What do you think about the research being carried out at the Zuckerberg Institute for Water Research at Sede Boqer?
Clare: "It's very impressive. The diversity of students studying there and the excellent interdisciplinary research being carried out are of the highest standard. The facilities and equipment are constantly being upgraded, and as such maintain the highest level of technological development in the field. The collaboration between scientists from all disciplines – microbiology, chemistry and engineering, constantly produces new and innovative ideas regarding water treatment."
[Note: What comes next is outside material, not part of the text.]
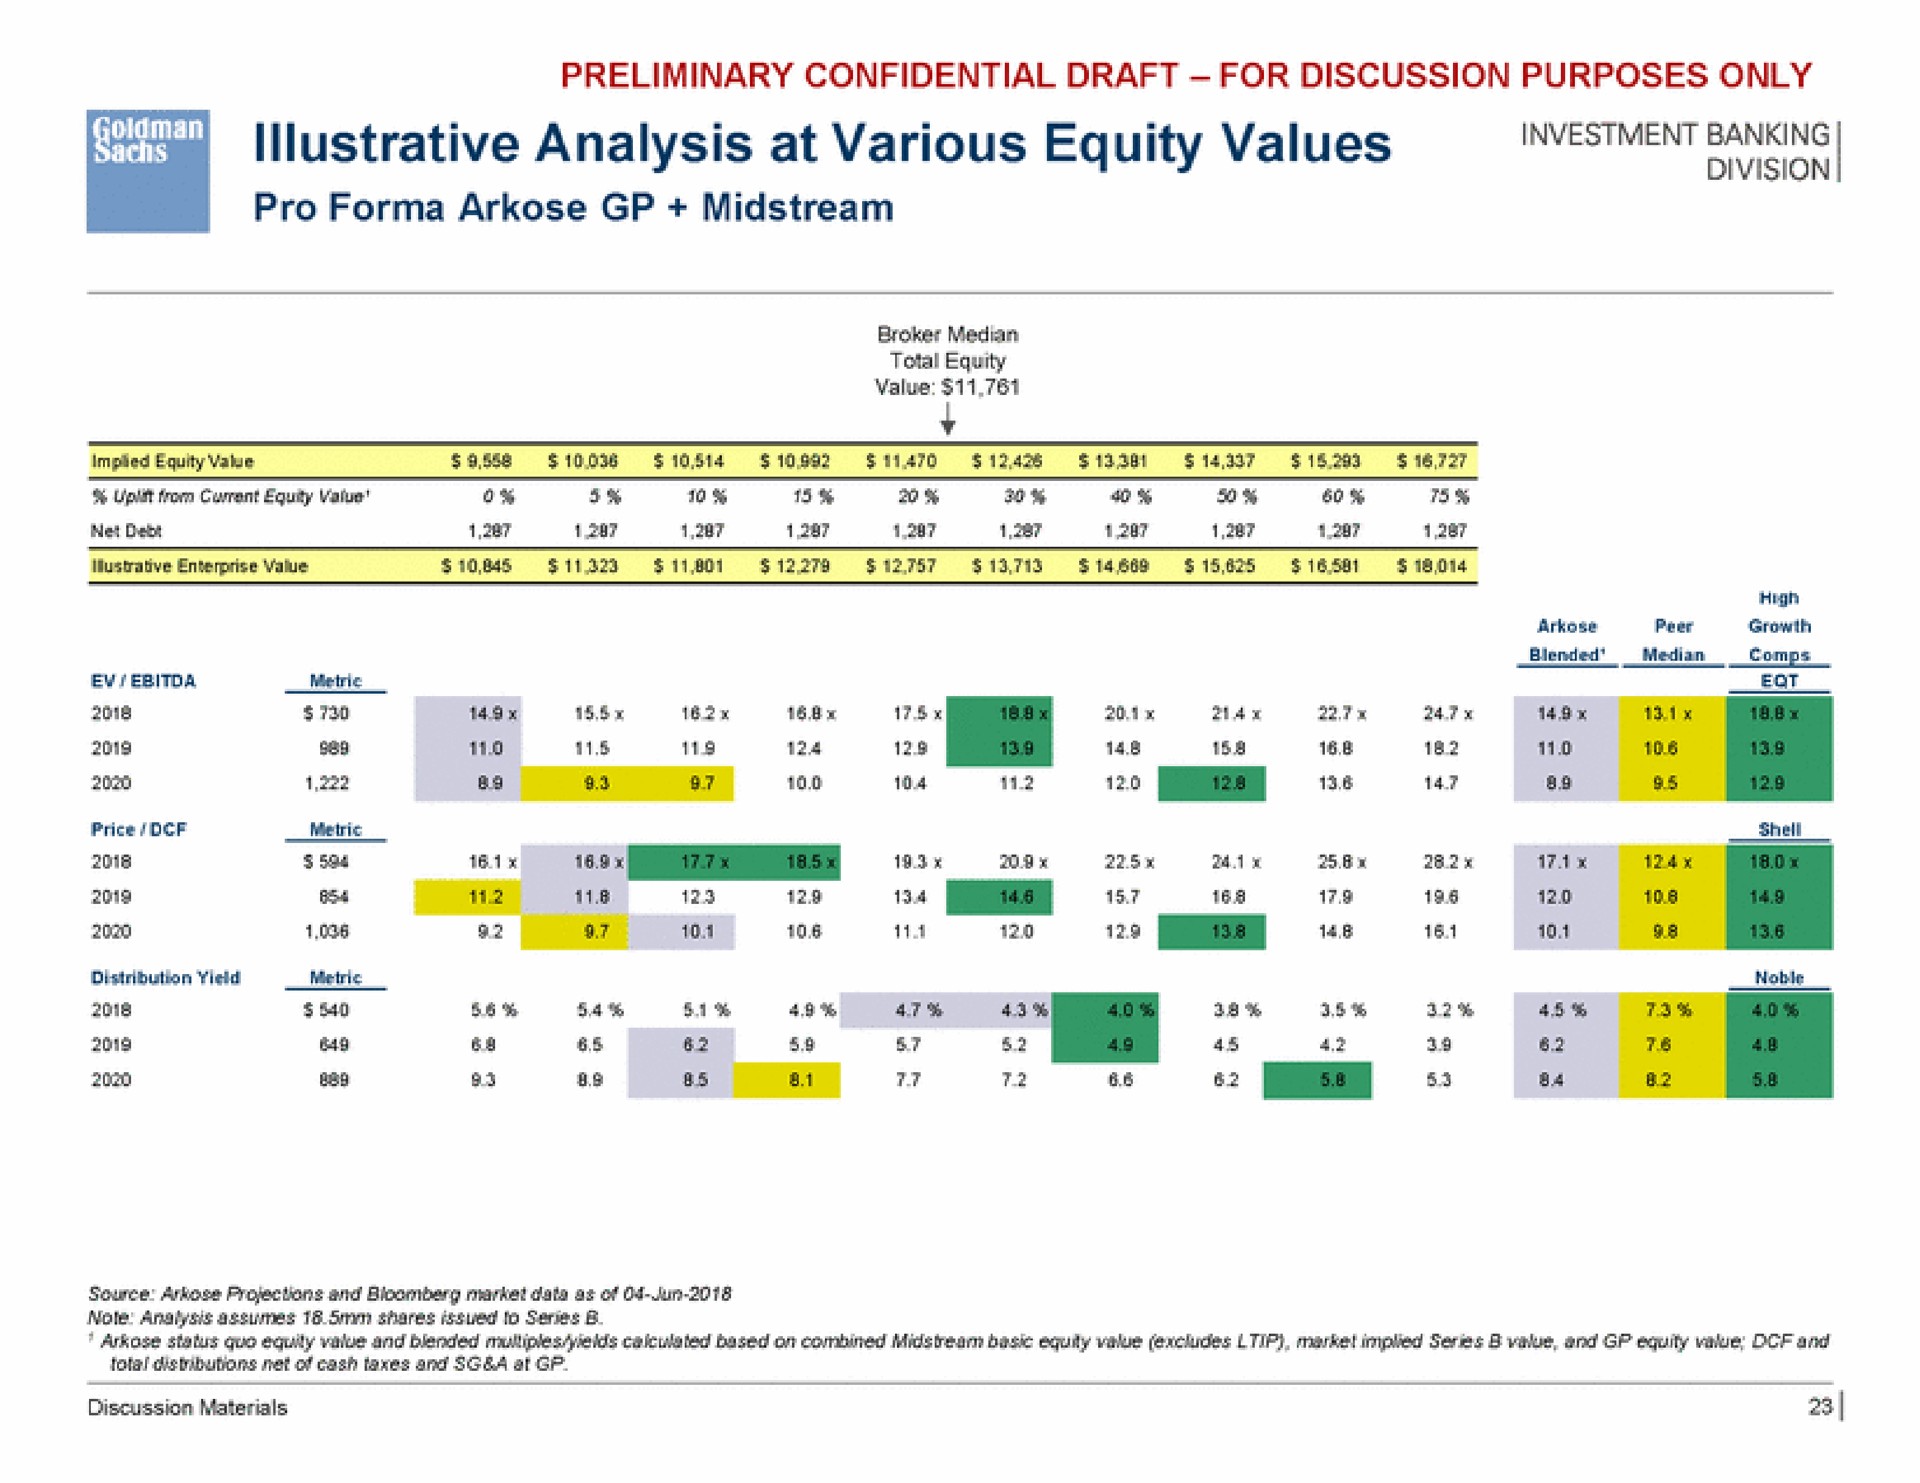 illustrative analysis at various equity values pro arkose midstream division | Goldman Sachs

Kwan: "I was very impressed by the scope of the research carried out there in all areas of water technology. The excellent cooperation between researchers from different disciplines and from different departments and even different campuses creates a great research environment at the Zuckerberg Institute for Water Research."
Clare asked to conclude the joint interview by praising the host country: "My stay here has made me fall in love with the State of Israel. It is a small but multifaceted country. There is diversity in everything: the landscape, the culture, lifestyles. Tel Aviv is very different from Jerusalem, and both are so different from Sede Boqer. I'm enjoying the spaciousness of the Negev and hiking in Nahal Zin. The people in this country are great, warm and welcoming. During our first week here, my friend Kwan and I were walking around the campus and met a professor and his wife who were also walking, and they invited us to dinner!"